The solution appears below. The table below shows all items that were scheduled due to the execution of the initial block up to Point 1. The first non-blocking assignment to `a` and the non-blocking assignment to `c` schedules an update event in the NBA region at `t = 0`. The second non-blocking assignment to `a` schedules an update event at `t = 3`. Changes in `a`, `b`, and `c` cause a resume event to be scheduled in the re-inactive region for Point 3 of the `program` object. Finally, the 1-cycle delay at Point 1 schedules a resume event for Point 2 at `t = 1`.

<table>
<thead>
<tr>
<th>Time</th>
<th>Region</th>
<th>Event</th>
</tr>
</thead>
<tbody>
<tr>
<td>0</td>
<td>NBA</td>
<td>Update a &lt;- 2</td>
</tr>
<tr>
<td>0</td>
<td>NBA</td>
<td>Update c &lt;- 21</td>
</tr>
<tr>
<td>0</td>
<td>Re-inactive</td>
<td>Resume Point 3.</td>
</tr>
<tr>
<td>1</td>
<td>Inactive</td>
<td>Resume Point 2</td>
</tr>
<tr>
<td>3</td>
<td>NBA</td>
<td>Update a &lt;- 3</td>
</tr>
</tbody>
</table>
(c) The module below is in explicit structural form, in which only primitive gates (and module instantiations) are used. Will the synthesis program synthesize exactly that arrangement of gates? Explain.

```verilog
module bfa_structural( output sum, cout, input a, b, cin );
    uwire term001, term010, term100, term111;
    uwire ab, bc, ac;
    uwire na, nb, nc;
    not n1( na, a);
    not n2( nb, b);
    not n3( nc, cin);
    and a1( term001, na, nb, cin);
    and a2( term010, na, b, nc);
    and a3( term100, a, nb, nc);
    and a4( term111, a, b, cin);
    or o1( sum, term001, term010, term100, term111);
    and a10( ab, a, b);
    and a11( bc, b, cin);
    and a12( ac, a, cin);
    or o2( cout, ab, bc, ac);
endmodule
```

☑ Will synthesis program emit exactly these gates? ☑ Explain.

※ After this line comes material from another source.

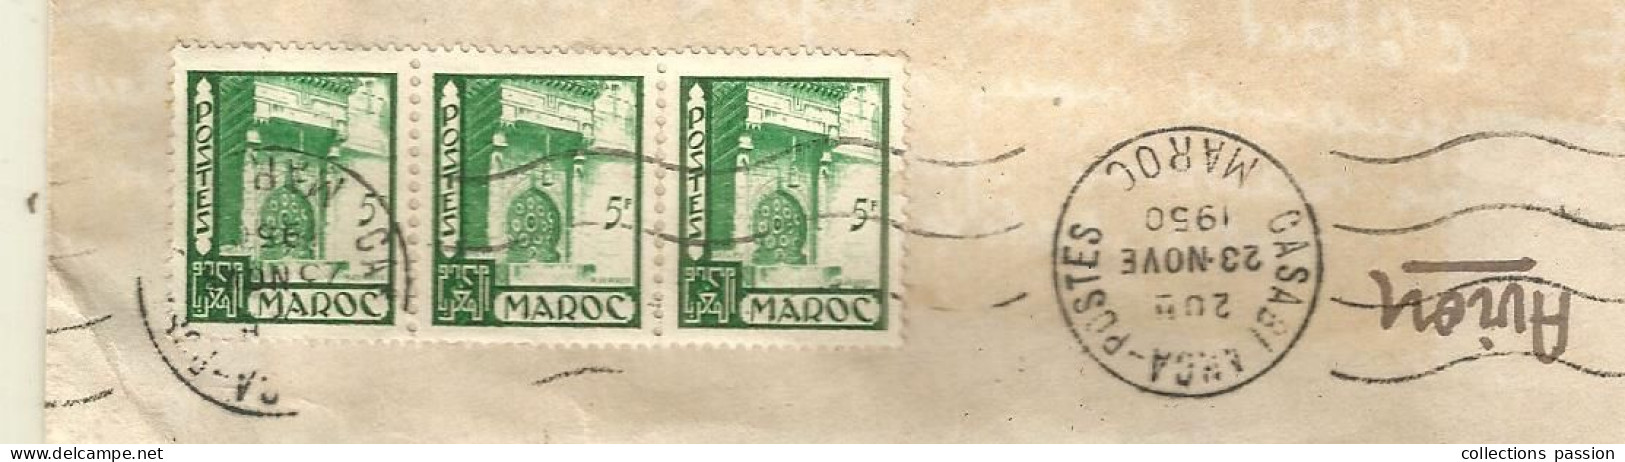 Lettre , CASABLANCA-POSTES, MAROC, 1950, 3 Timbres, 3 Scans, Frais Fr 1.55 E - Maroc (1956-...)

No. Or at best, not necessarily. The synthesis program will map the gates above to the most appropriate gates in the target technology, it will then perform optimization. It's possible, for example, that the target technology does not have a three-input AND gate, so either two 2-input gates will be used, or maybe a 4-input AND gate will be used with one input tied to logic 1. Or perhaps, the technology has a special binary full adder primitive.

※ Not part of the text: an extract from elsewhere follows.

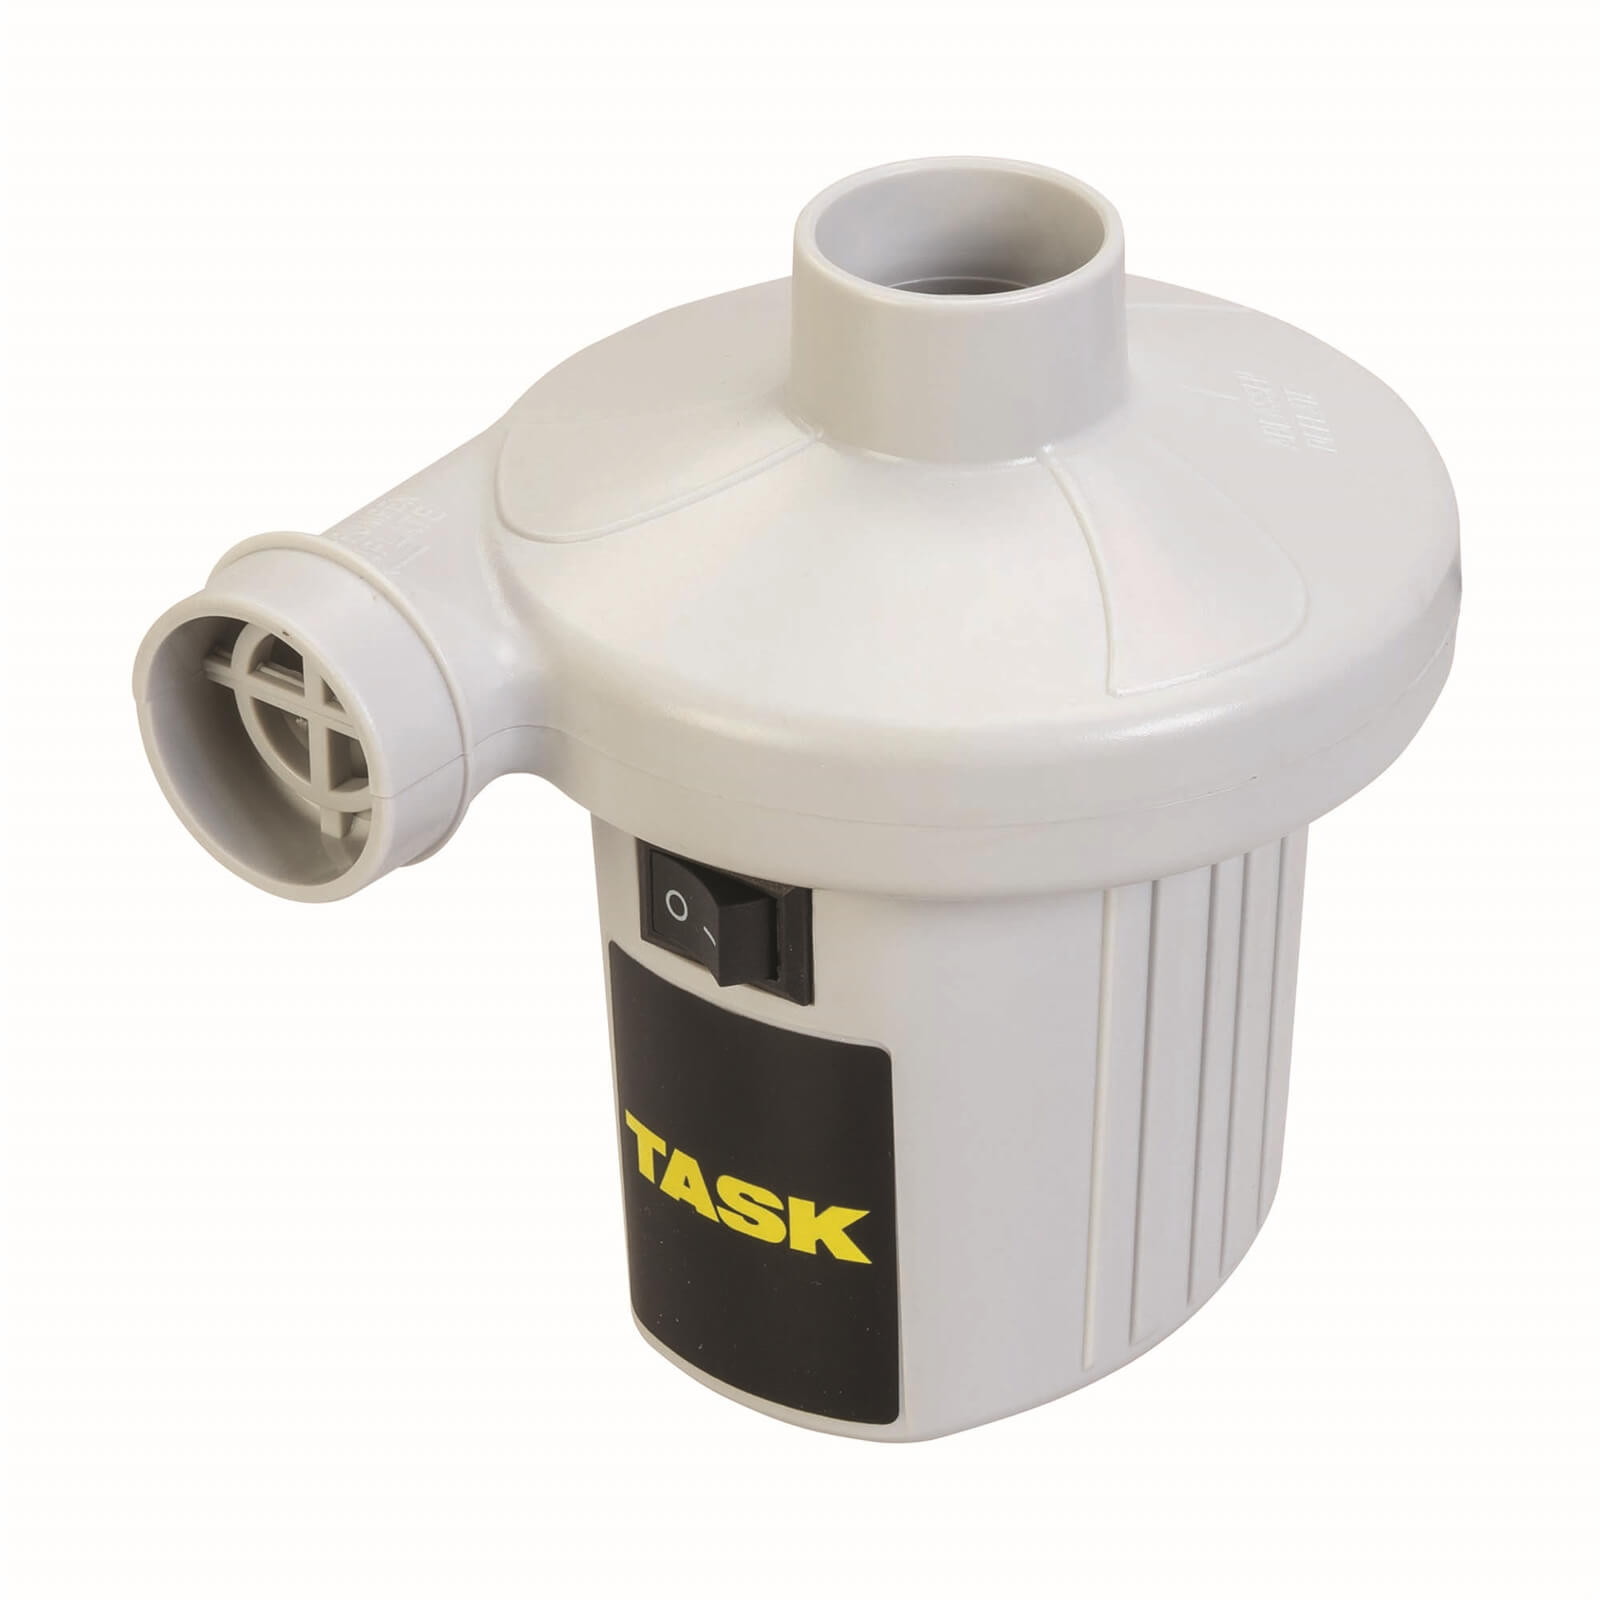 TASK 130W High-Volume Inflator Pump

(d) Based on a hand analysis of my_mut we expect it to have a clock period of 12 ns. Shown below is an excerpt from the testbench for my_mut that includes the code for generating a clock. Assume that the Verilog time unit is set to 1 ns. How does the clock declaration below affect the timing of the synthesized hardware?

```verilog
module testbench();
    logic clock;
    initial clock = 0;
    always #5 clock = !clock;
    // Other declarations omitted.
    my_mut woof(x,y,a,b,clock);
endmodule
```

☑ The effect of the declaration of clock on timing of synthesized hardware is ... none ☑ because ....

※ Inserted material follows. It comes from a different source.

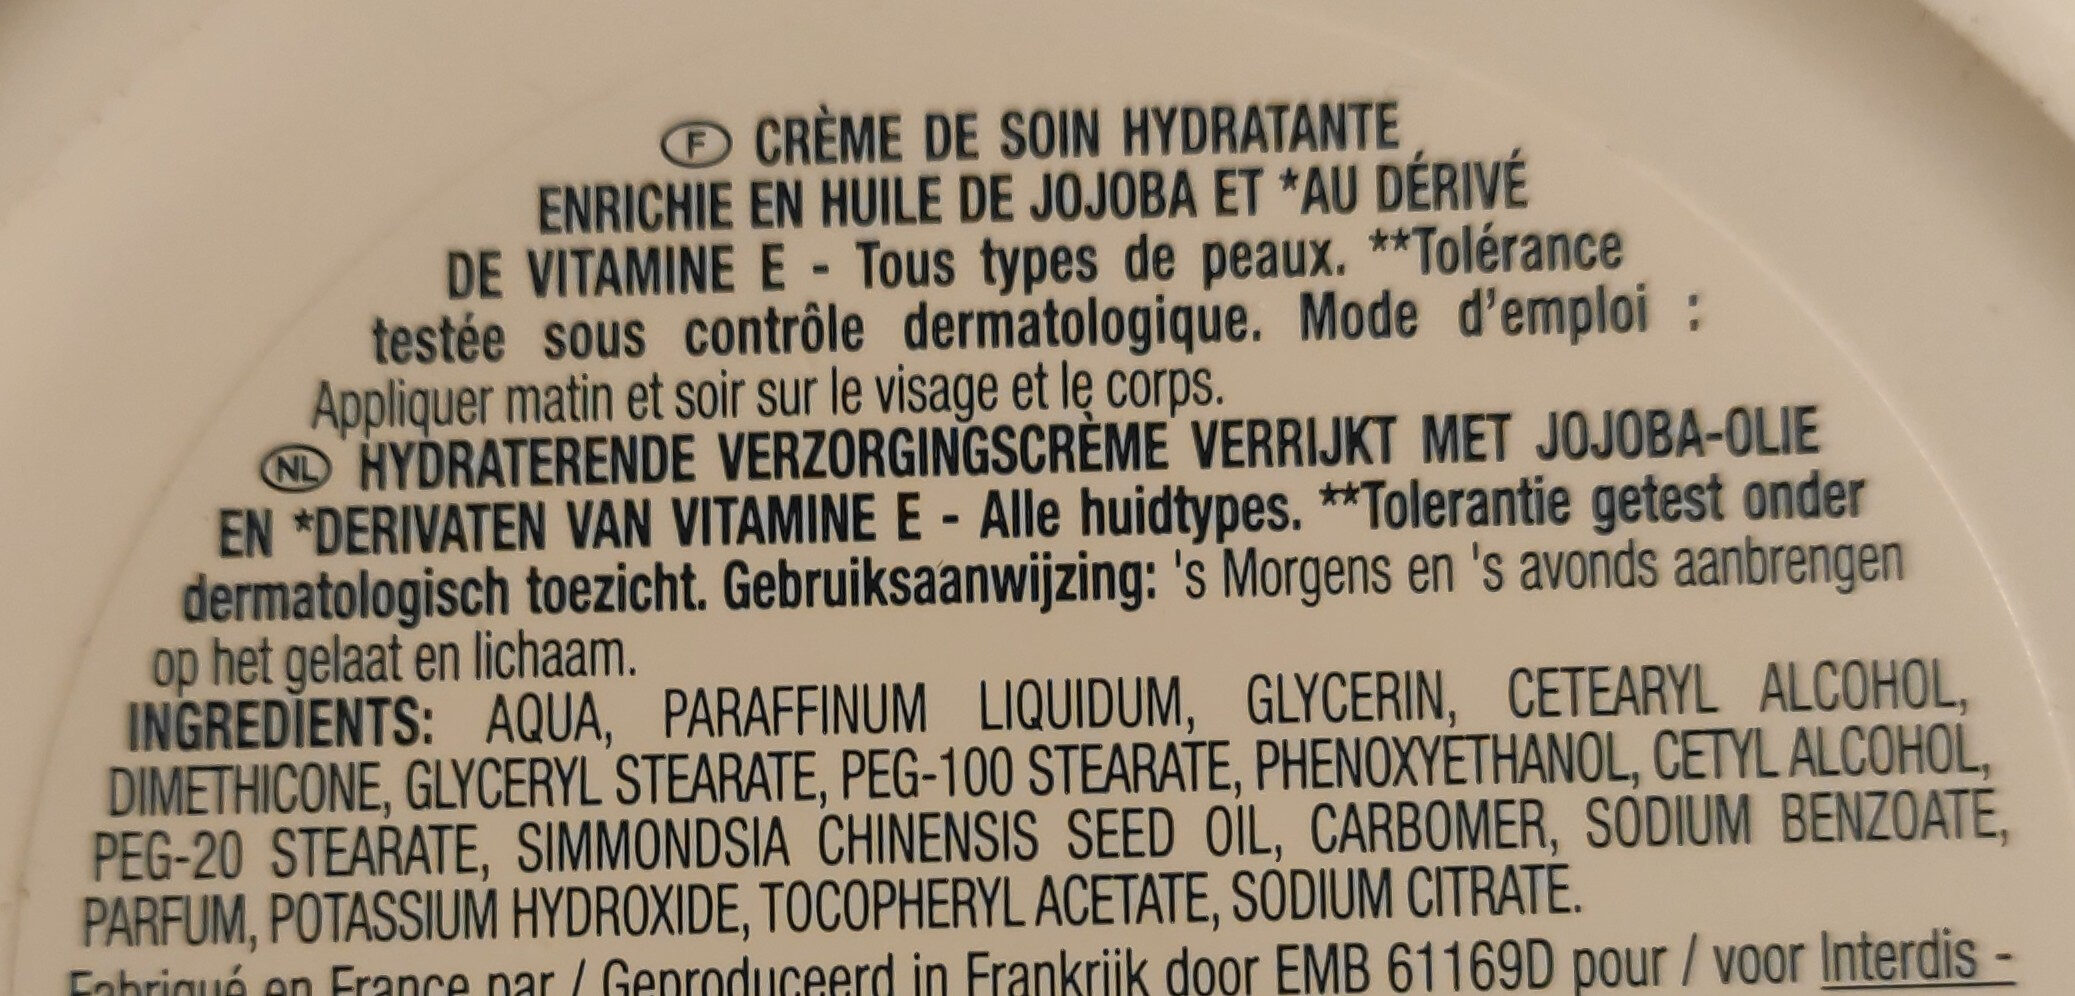 Crème hydradante visage et corps - Ingredients - fr

The synthesis program will be commanded to synthesize my_mut, and so it won't see testbench, and therefore the clock period from testbench is irrelevant. Synthesis programs can be told to synthesize for a target clock period, but that target clock period is provided by a synthesis program command, such as define_clock for Cadence Encounter.